I don't know what the Dalai Lama said or didn't say - but you do get lots of these questions here on Quora saying that "the Dalai Lama said such and such" and usually without any source and especially not with a video or a transcript or book reference so you can see the wider context of what he was saying.
Whatever he said, then the guiding principle is compassion and wisdom - and that over-rules anything your teacher says also - finally - there is no way that your teacher - even if you go as far as to take on a "guru" (very few Buddhists do) - still - he can't tell you to do anything that goes against your own inner compassion and wisdom - if he does you rightly ignore it, though of course there's plenty of scope for false compassion and wisdom where you think you understand and don't.
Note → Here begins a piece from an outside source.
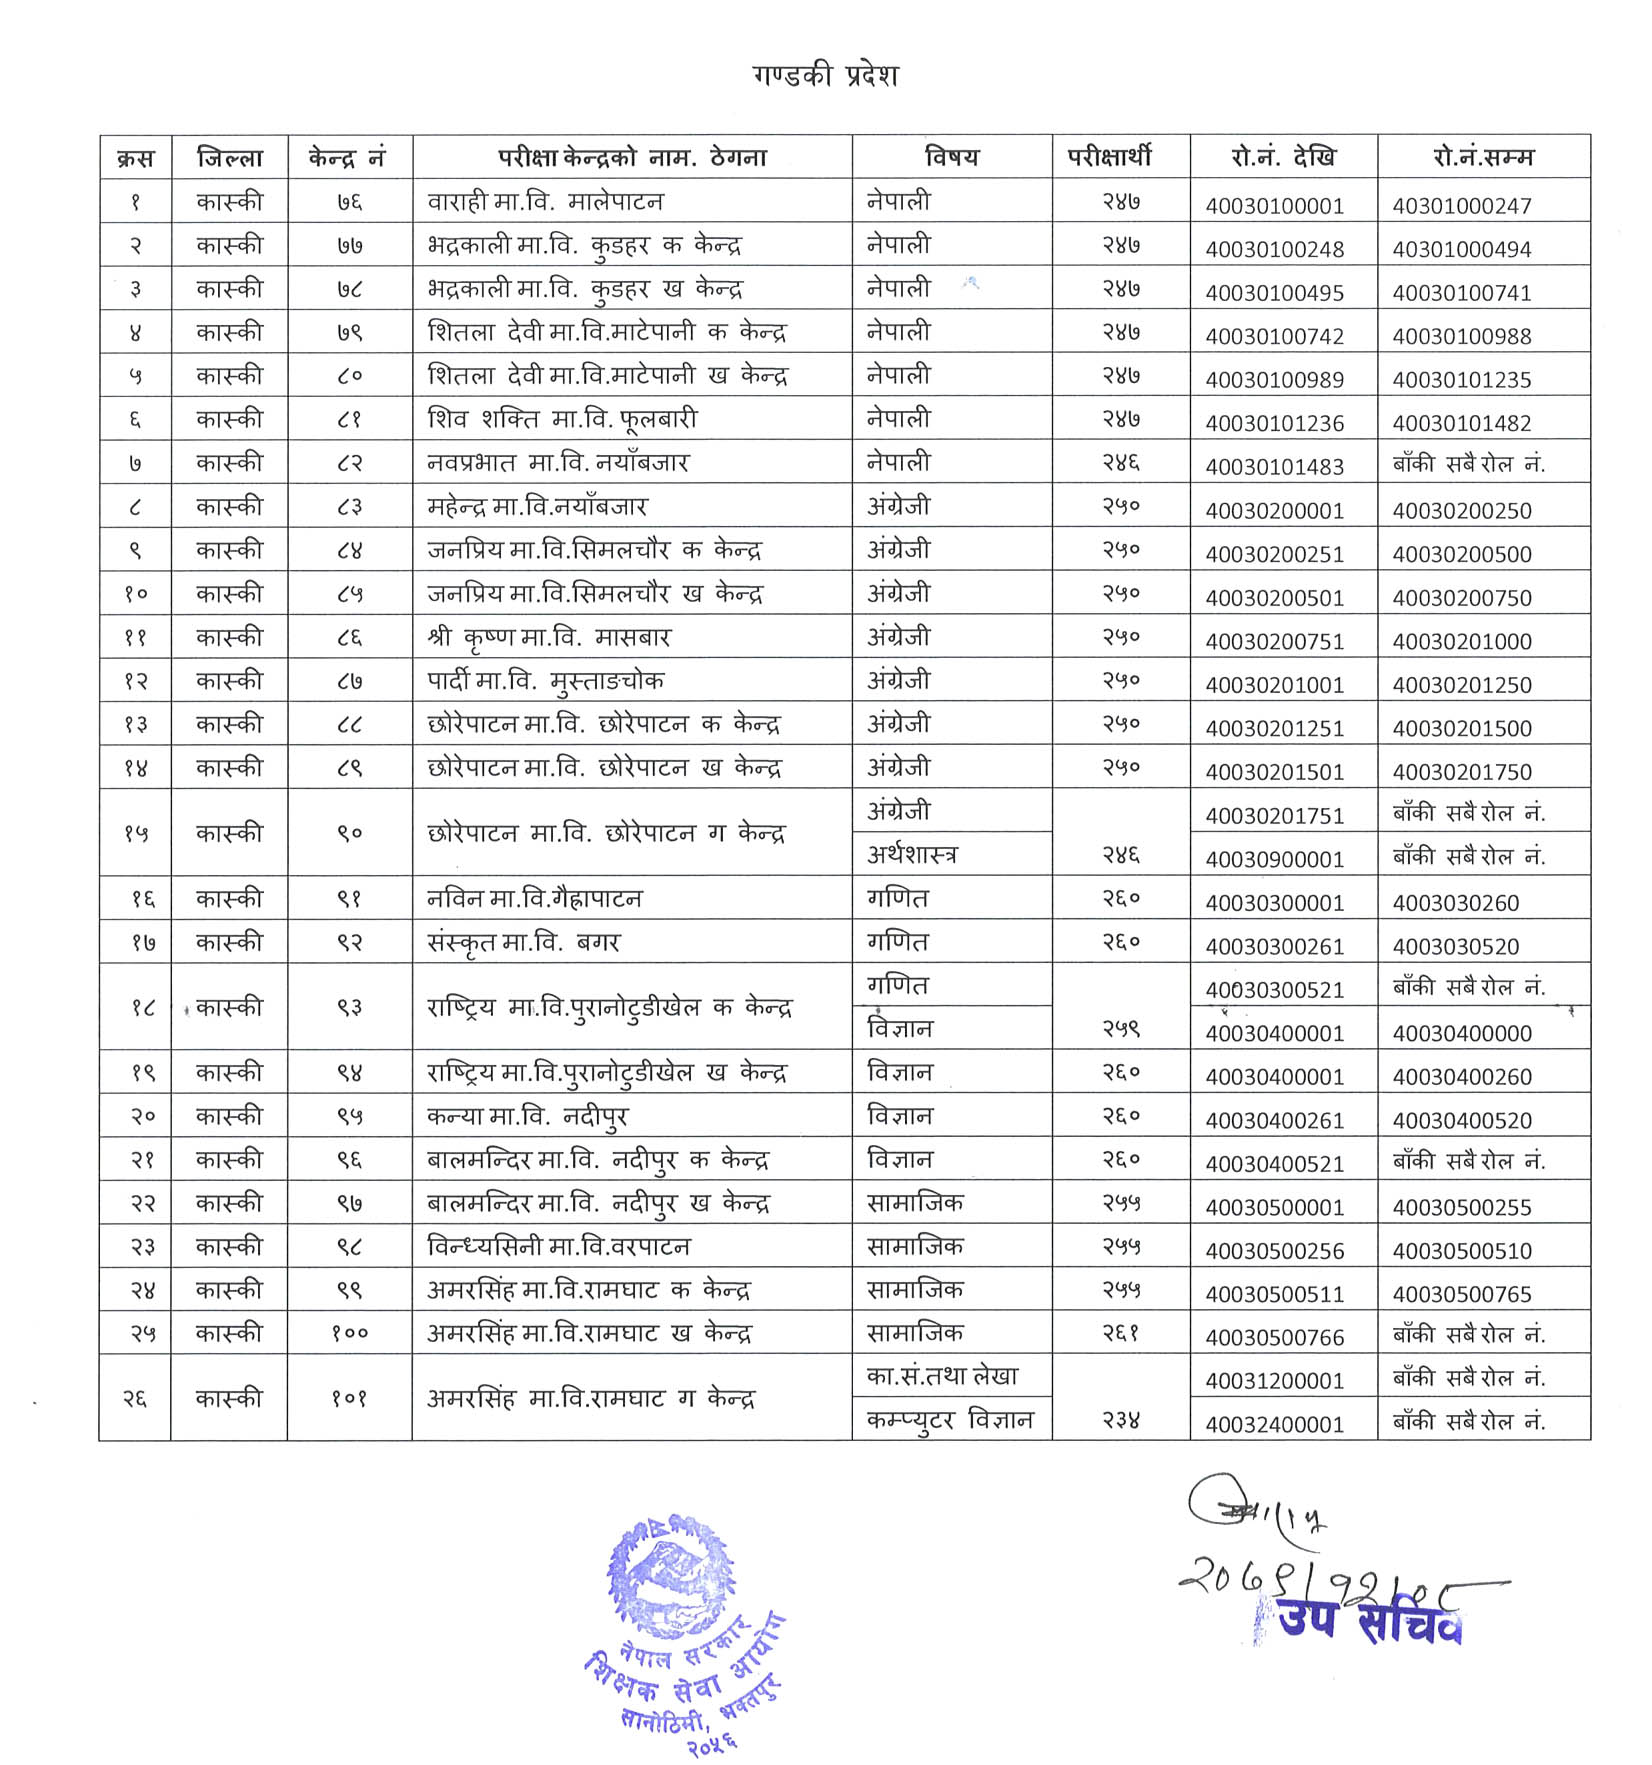 Shikshak Sewa Aayog Secondary Level Gandaki Pradesh Teacher Exam Center 2079

And anyway - it's not a prescriptive religion either - so - the people who need to know the answer to this are Buddhists who are gay themselves in order to decide how to behave - and they have to find their own answers to what they consider to be compassionate and loving and wise in their situation - what counts as appropriate behaviour and what counts as sexual misconduct for them - as someone who isn't gay myself - all I can say is - that many gay people surely live happy and loving and fulfilling lives, and are thoughtful and wise and considerate in their actions, as best I can tell. While others doubtless do engage in sexual misconduct, as do many straight people.
Oh - and if you live a life aimed at maximizing sexual gratification (e.g. like people who have lots of partners and as soon as they get slightly bored of one move on to another with sexual satisfaction as their only reasons for their decisions) - then even if it's done without any cheating and with consent etc - that's going against some others of the Buddha's teachings, this time, the teachings on refuge. So if a Buddhist finds himself or herself in a situation like that would probably be an idea to examine your life choices and think a bit about where you are headed.
Because - ultimately - that's a refuge that's going to let you down - at some point you will find you can no longer solve your problems in that way - and it won't ultimately free you from suffering, or help you to find true happiness. Which I think is reasonably clear to most people, that it's not like a final total solution to all your problems in your life to find a congenial sexual partner or partners (or indeed friends either)- so again that's the same whether you are straight or gay.